**What is needed:** Every line in the data below has to be repeated exactly; no picture belongs in the result.

**Data segment:**

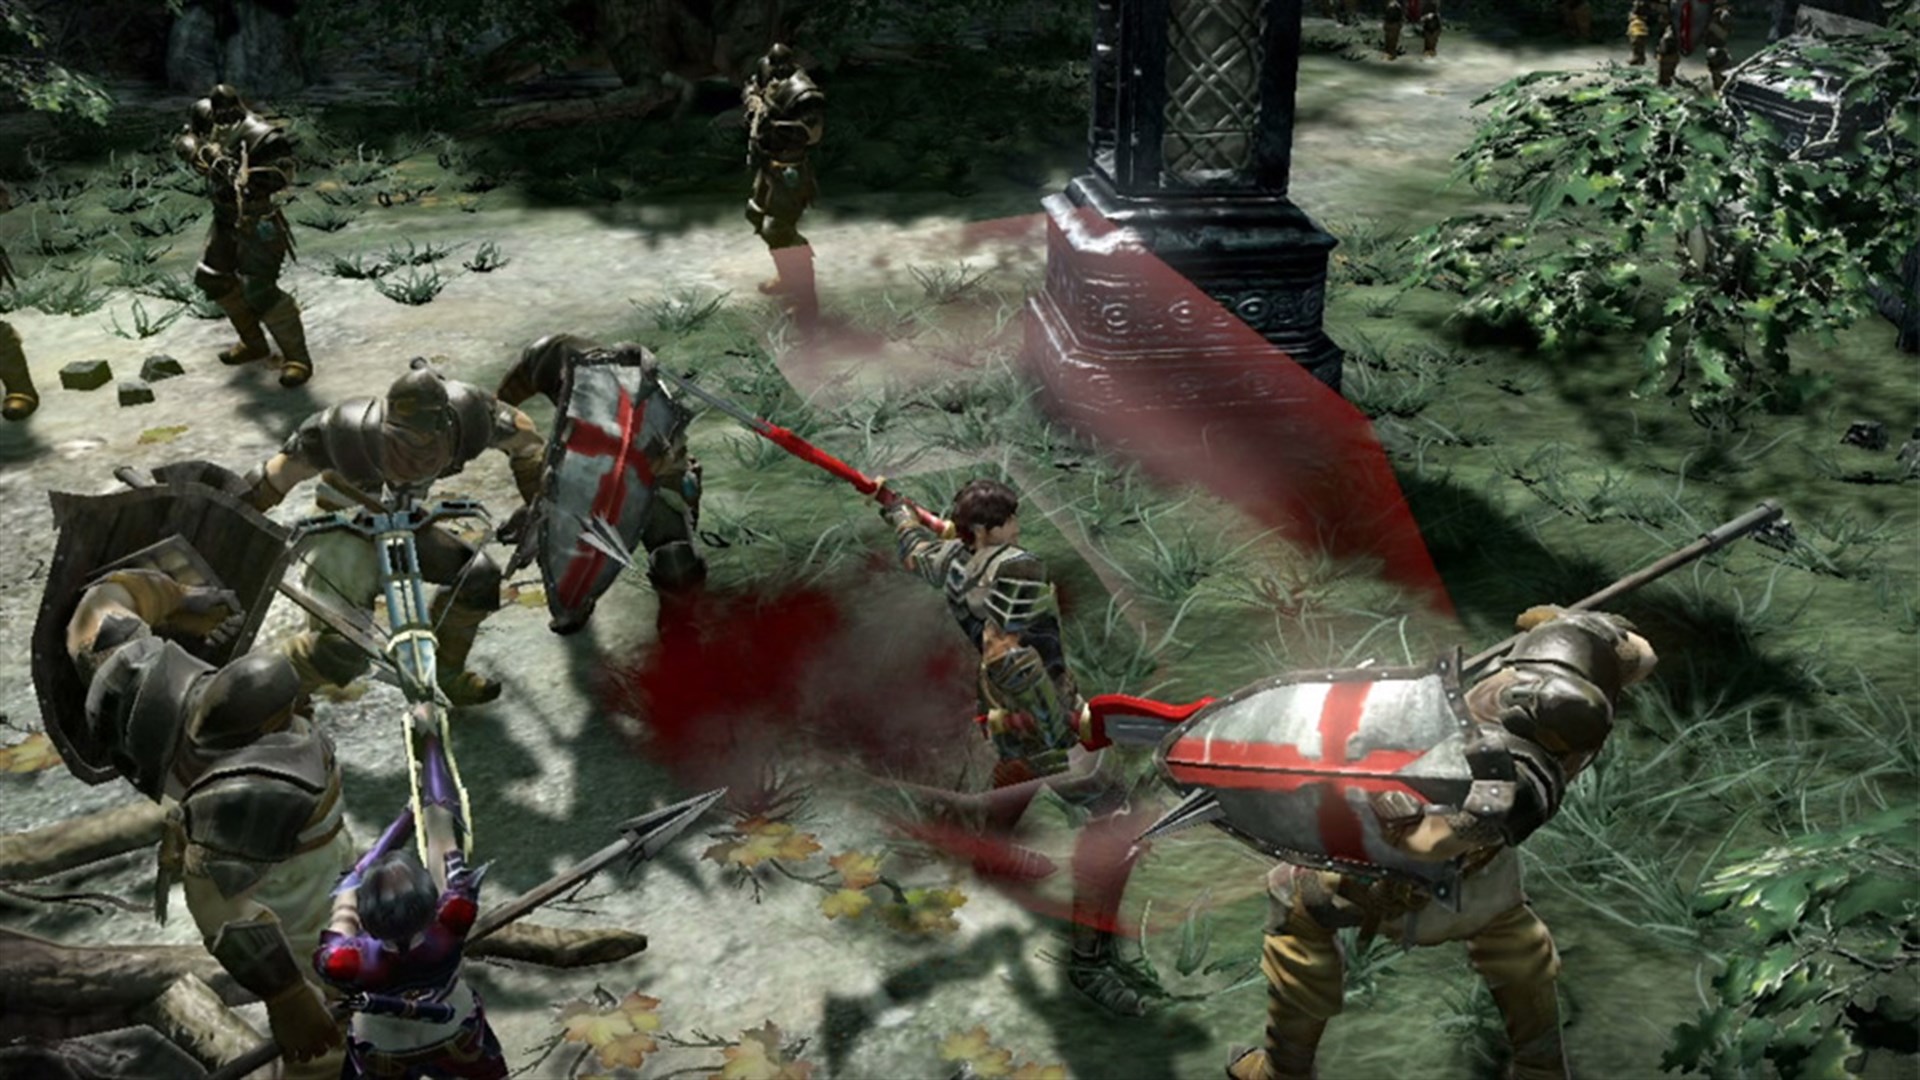 Игры рыцари красный. Игра Blood Knights. Blood Knights Xbox 360. Blood Knights deck13 interactive. Игра про рыцарей на Xbox 360.
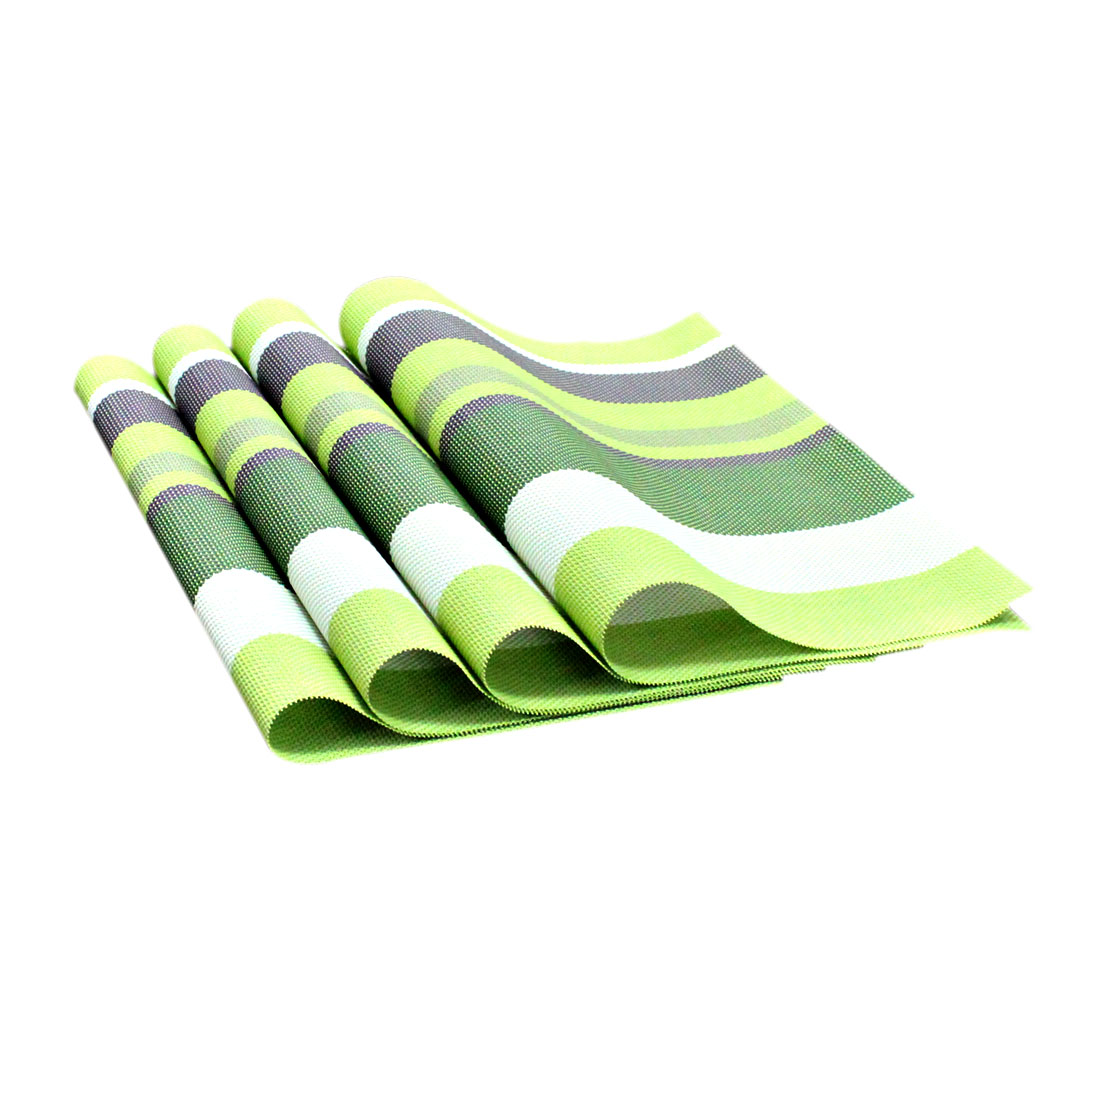 ORKA PVC Dining Table Placemat 4-Piece  Set - Multicolour  
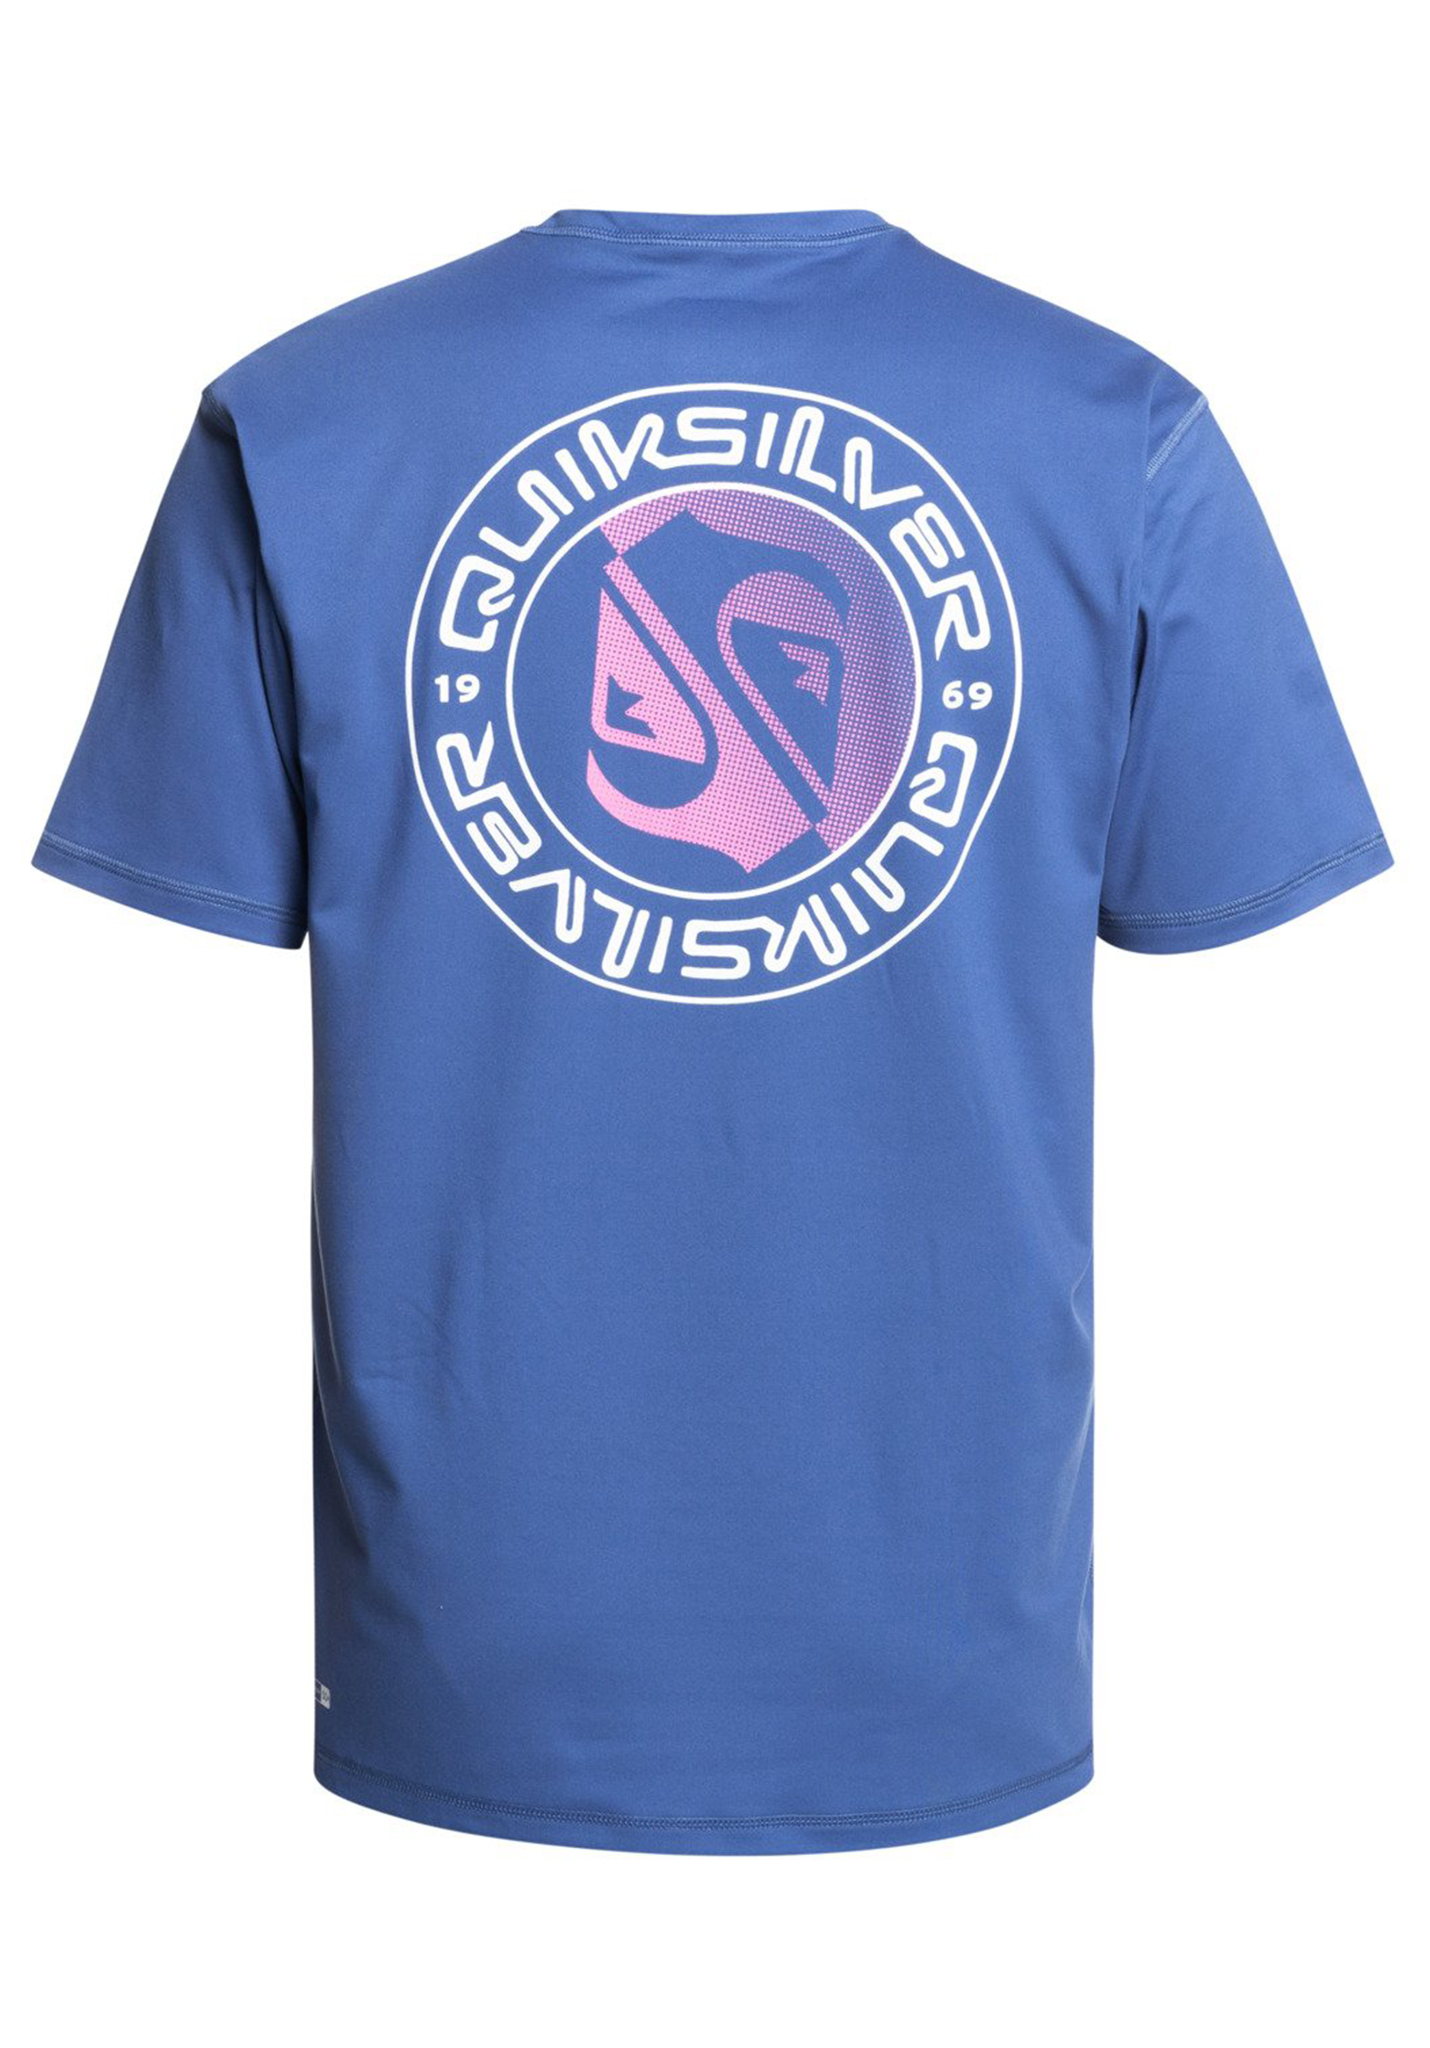 Quiksilver Mystic Session S/S T-Shirt marineblau XXL

**Output for this exercise:**
 Игры рыцари красный. Игра Blood Knights. Blood Knights Xbox 360. Blood Knights deck13 interactive. Игра про рыцарей на Xbox 360.
 ORKA PVC Dining Table Placemat 4-Piece  Set - Multicolour  
 Quiksilver Mystic Session S/S T-Shirt marineblau XXL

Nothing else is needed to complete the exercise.